North of llo Rhoen Terbrogaen
- You feel that your kind of people aren't being listened to enough in Castreleon.
- You wouldn't expect both inflation and unemployment to be very high (say, over 15%) at the same time.
- You care VERY much about what family someone comes from. The further south they come from the more important the difference, including south of the Sefren (and vice versa).
- The normal thing, when a couple dies, is for their estate to be divided equally between their children.
- The church used to be powerful, most of the Lords Spiritual disestablished their seats in the House of Lords in 1920 which effectively halved the size of that chamber. The Abbot-Patriarch sure looks sparkly in full regalia on state occasions - sort of makes God an optional extra.
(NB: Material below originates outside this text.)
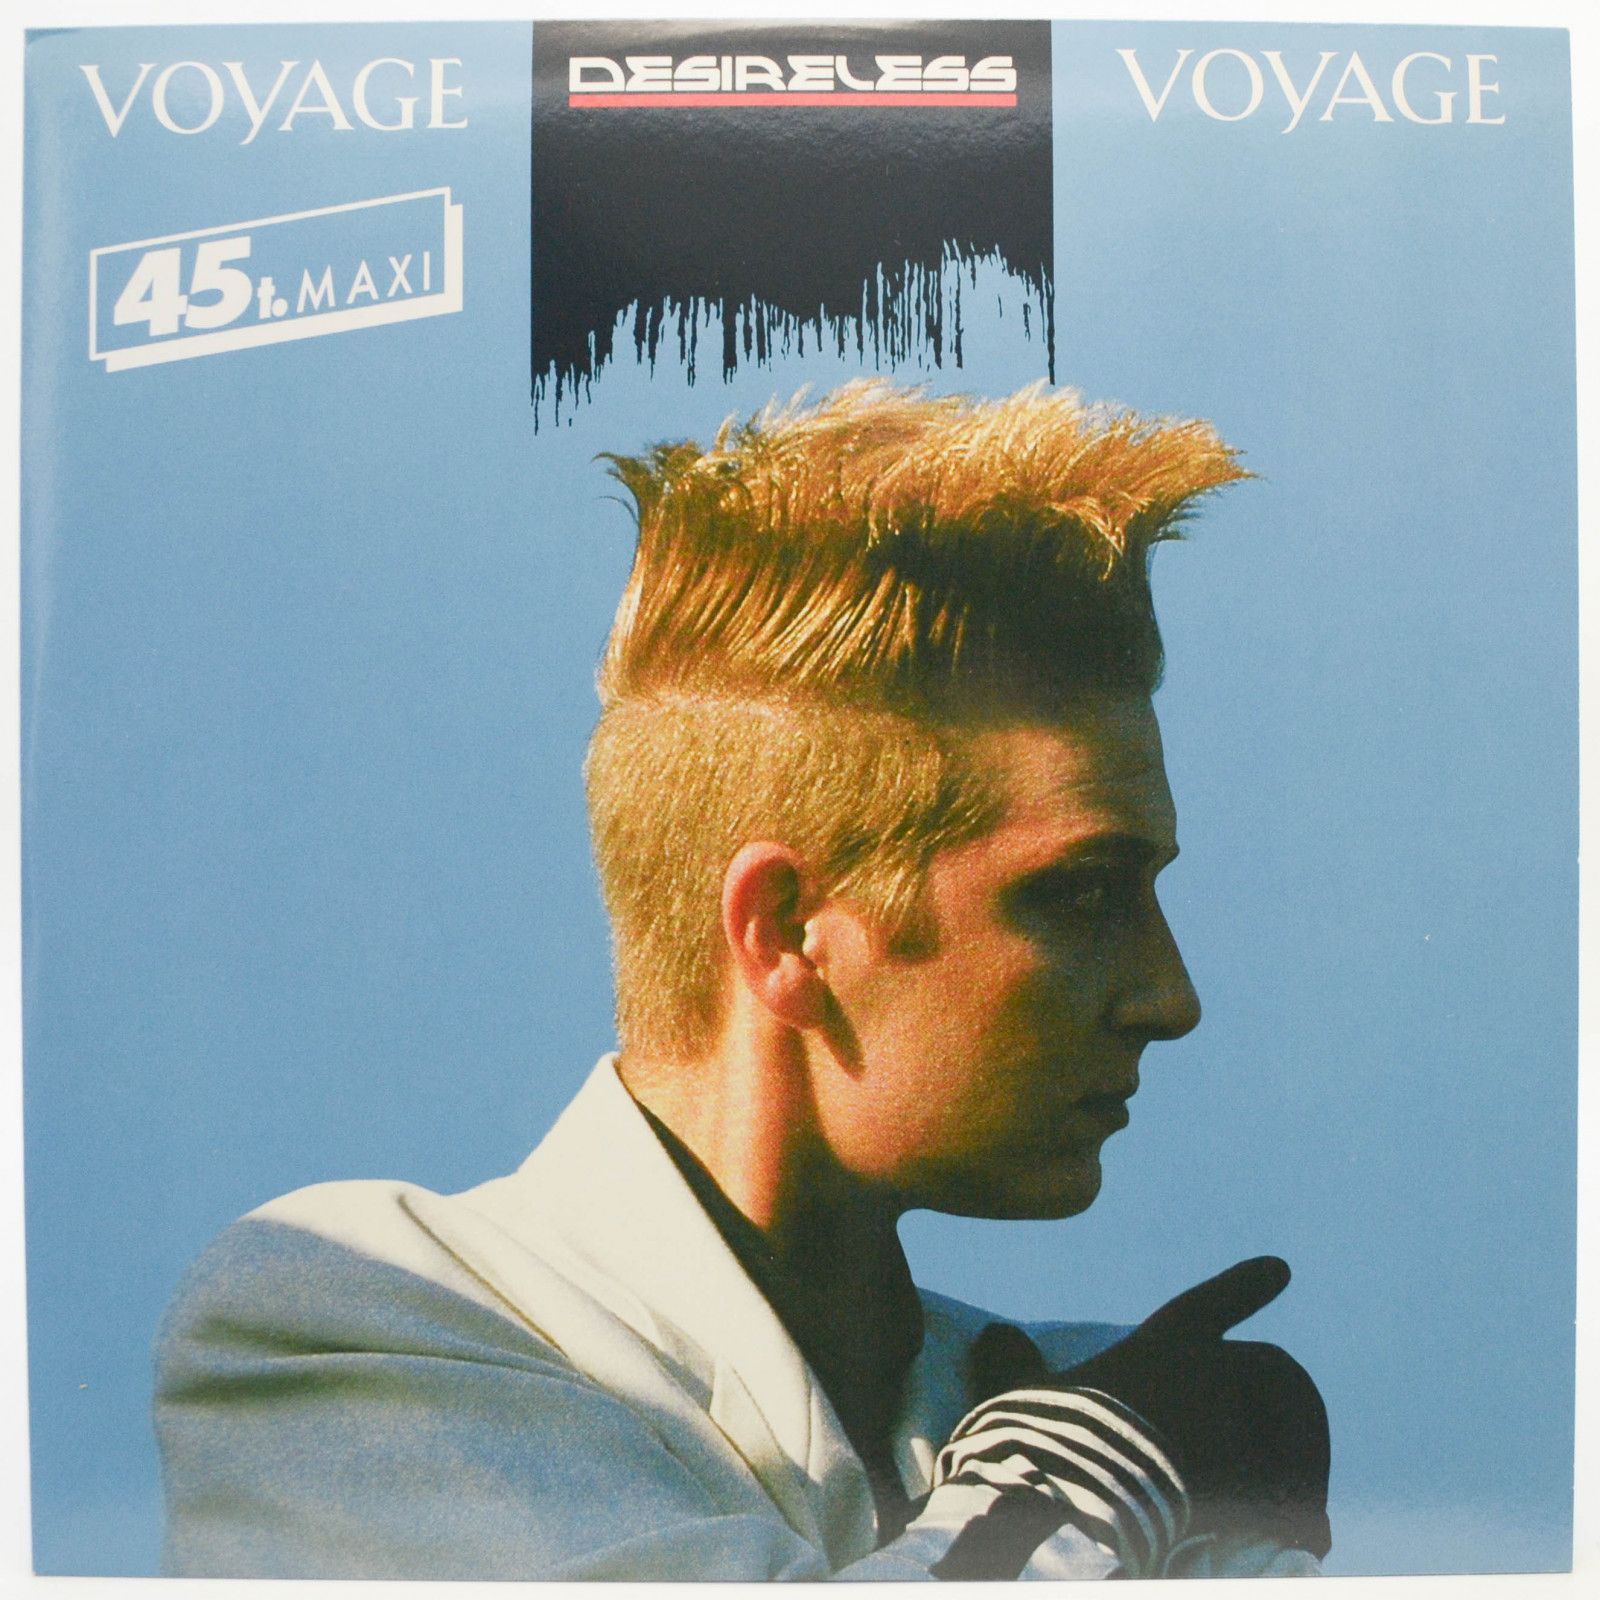 Desireless — Voyage Voyage, 1986

- Taxis are generally operated by SNORists who entertain you with their quirky views on immigration and penal policy. They do know the city, though.
- You think that the Welfare State is a necessary part of a civilized society.
- You'd be hard pressed to name the leaders of all the nations of Europe. The capitals you could probably find on a map.
- You think of opera and ballet as rather elite entertainments. It's likely you don't see that many plays, either, unless you're in Castreleon and there's something on you want to see.
- Christmas is in the winter. Unless you're Muslim or Jewish, you spend it with your family, and put up a tree. Presents are given at December 25th.
- There sure are a lot of lawyers (to say nothing of accountants!) Barristers still wear gowns and wigs.